FSAA is often done by supersampling the backbuffer and downsizing on a copy or other virtually equivalent means. Windows typically shows a simple contiguous memory image and swaps do a copy blit. So, to even support AA you need a backbuffer but it depends on hardware AFAIK.
In addition the windows frontbuffer may not be the best format or memory for drawing. Cards are optimized for rendering to the backbuffer.
If you want to render to the frontbuffer for specific reasons you have a lot of options depending on your larger objectives. You may keep a double buffer and copy back from the front each frame but there are also options to keep backbuffer contents on a swap when you have double buffering that may solve the kind of problem you think you need a single buffer for.

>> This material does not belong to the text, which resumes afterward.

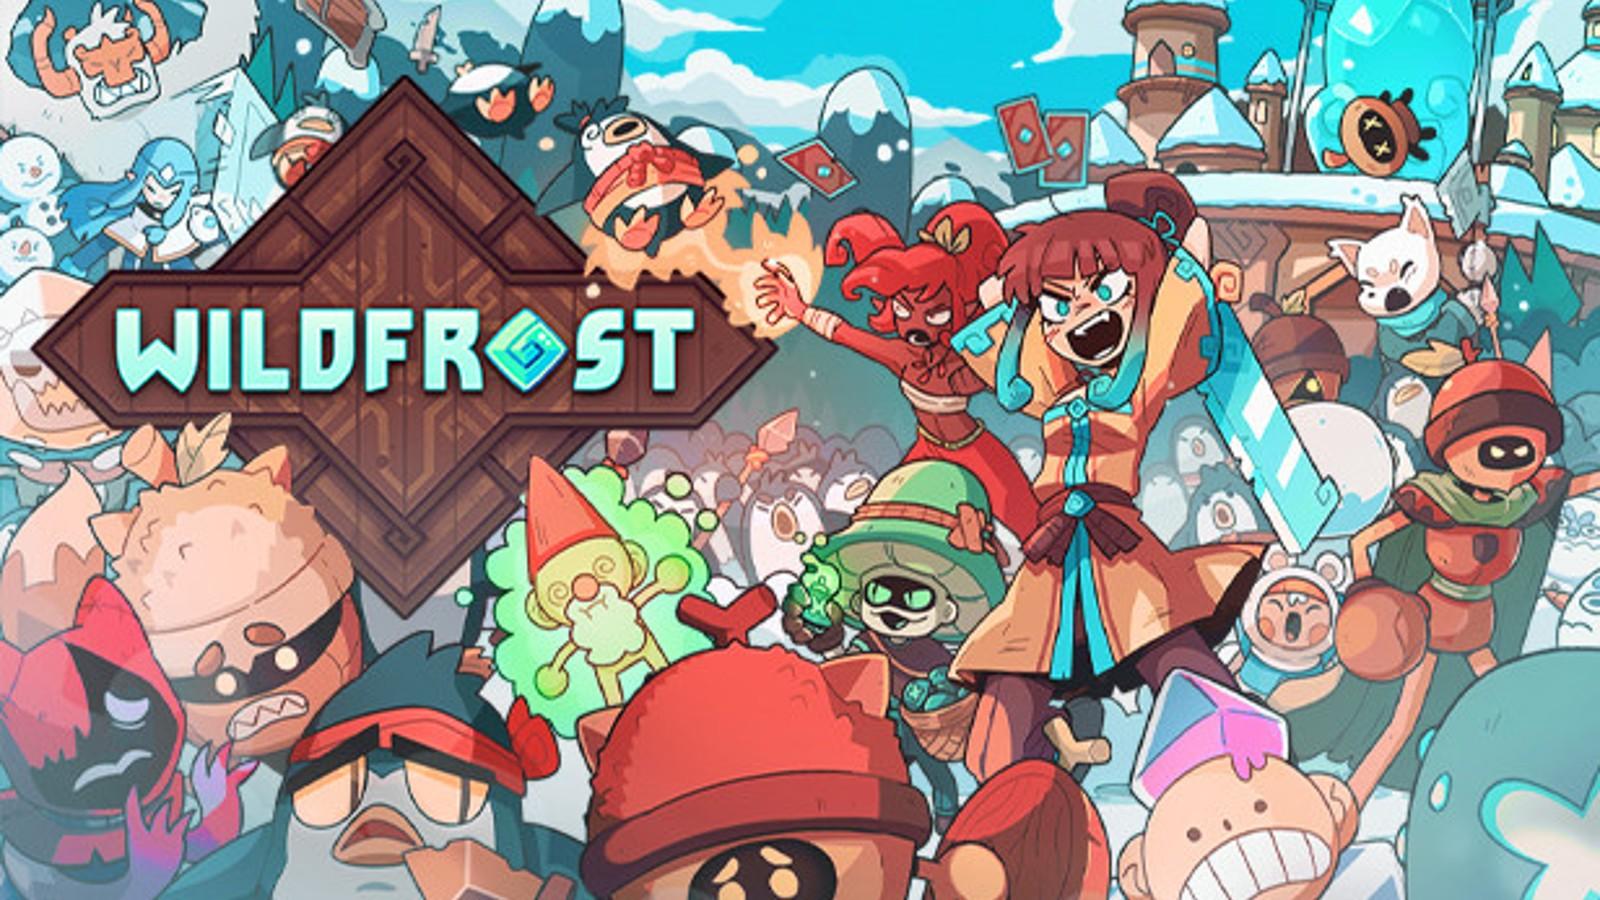 An image of official Wildfrost artwork.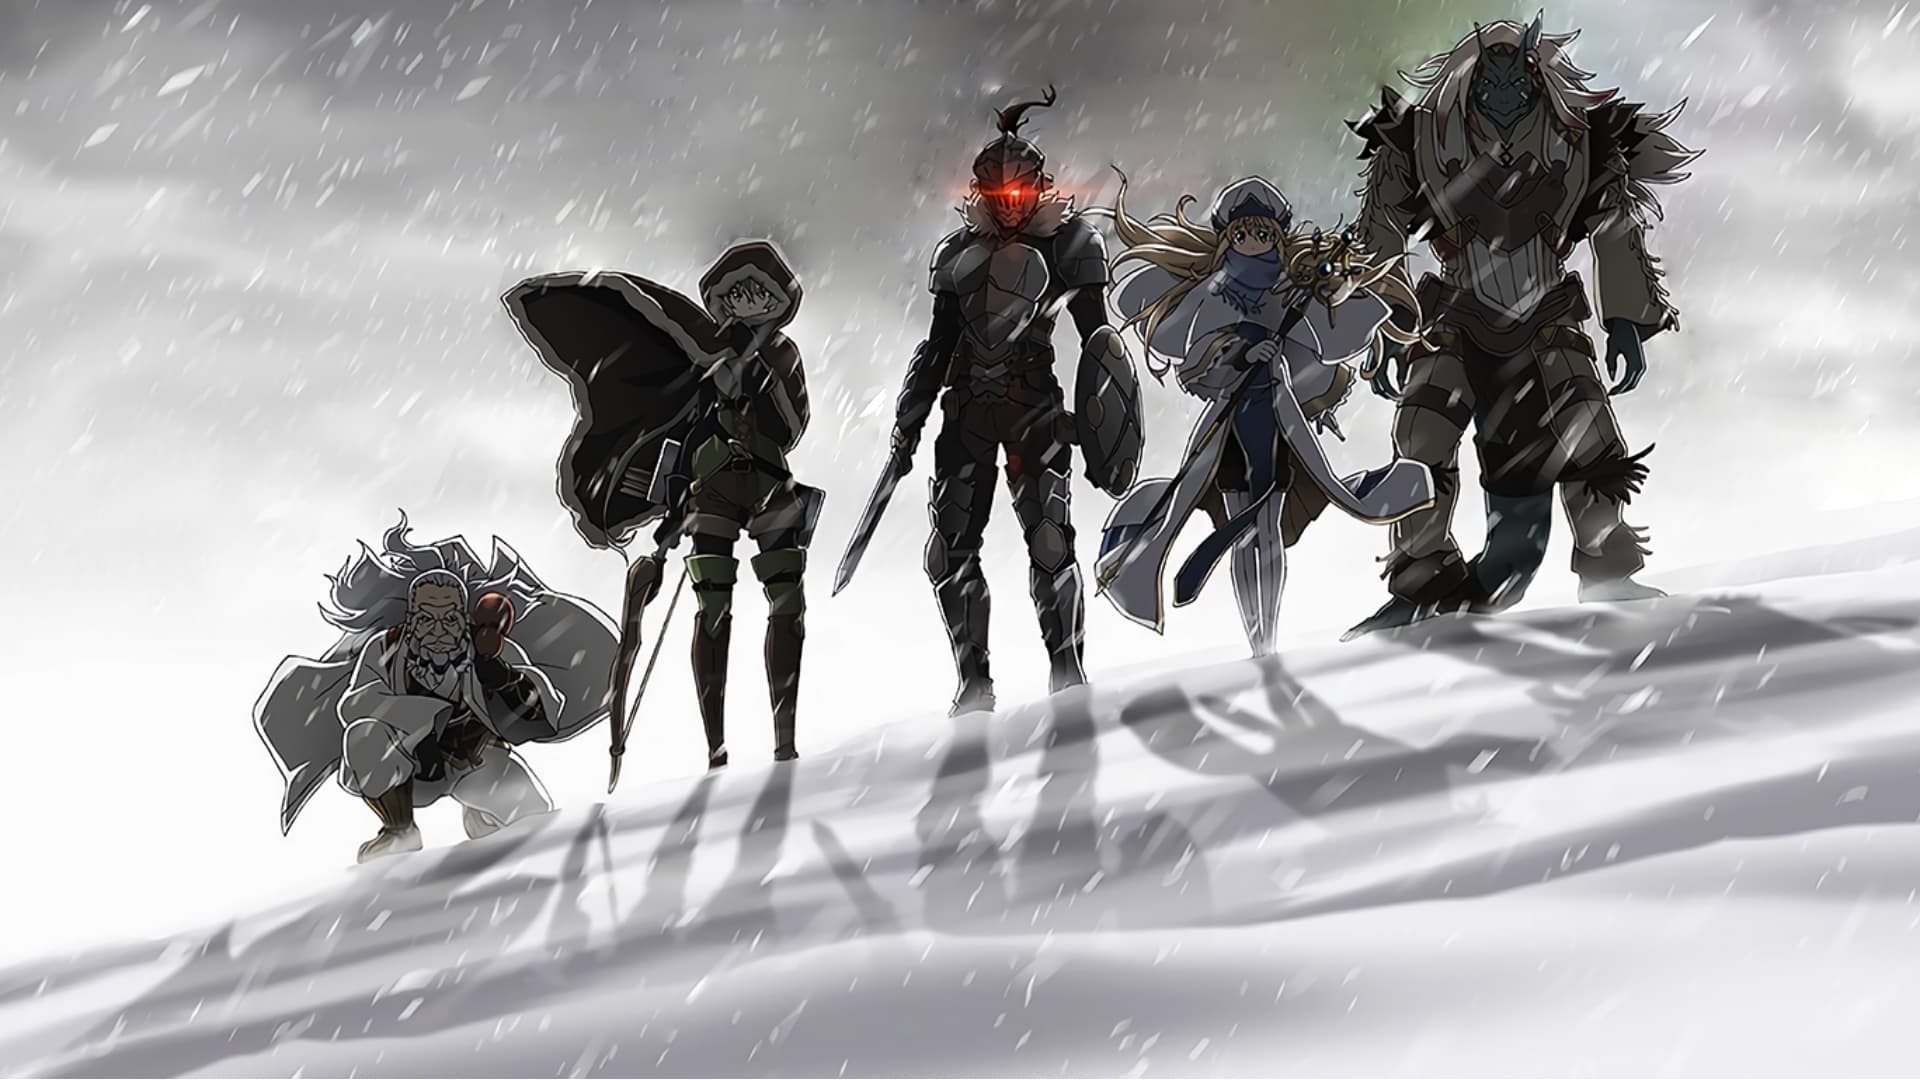 Breaking: 'Goblin Slayer' Returns This Fall! What's New in the 2023 Season?

Sometimes what might seem like a great optimization just doesn’t make sense when you consider how the hardware works. 3D hardware is specialized and does thing the right way for common 3D apps & games. You need to optimize with that in mind.
I would agree with pango, P-buffers are always offscreen, there shouldn’t be a difference between front and back buffer performance then. See if you can lay your hands on newer drivers.
Thanks Dorbie,the double buffered pbuffer is not I expected,because the front buffer will consume some video memory and my app always do not use it,so I want to create a FSAA PBuffer with only backbuffer,so how to do it?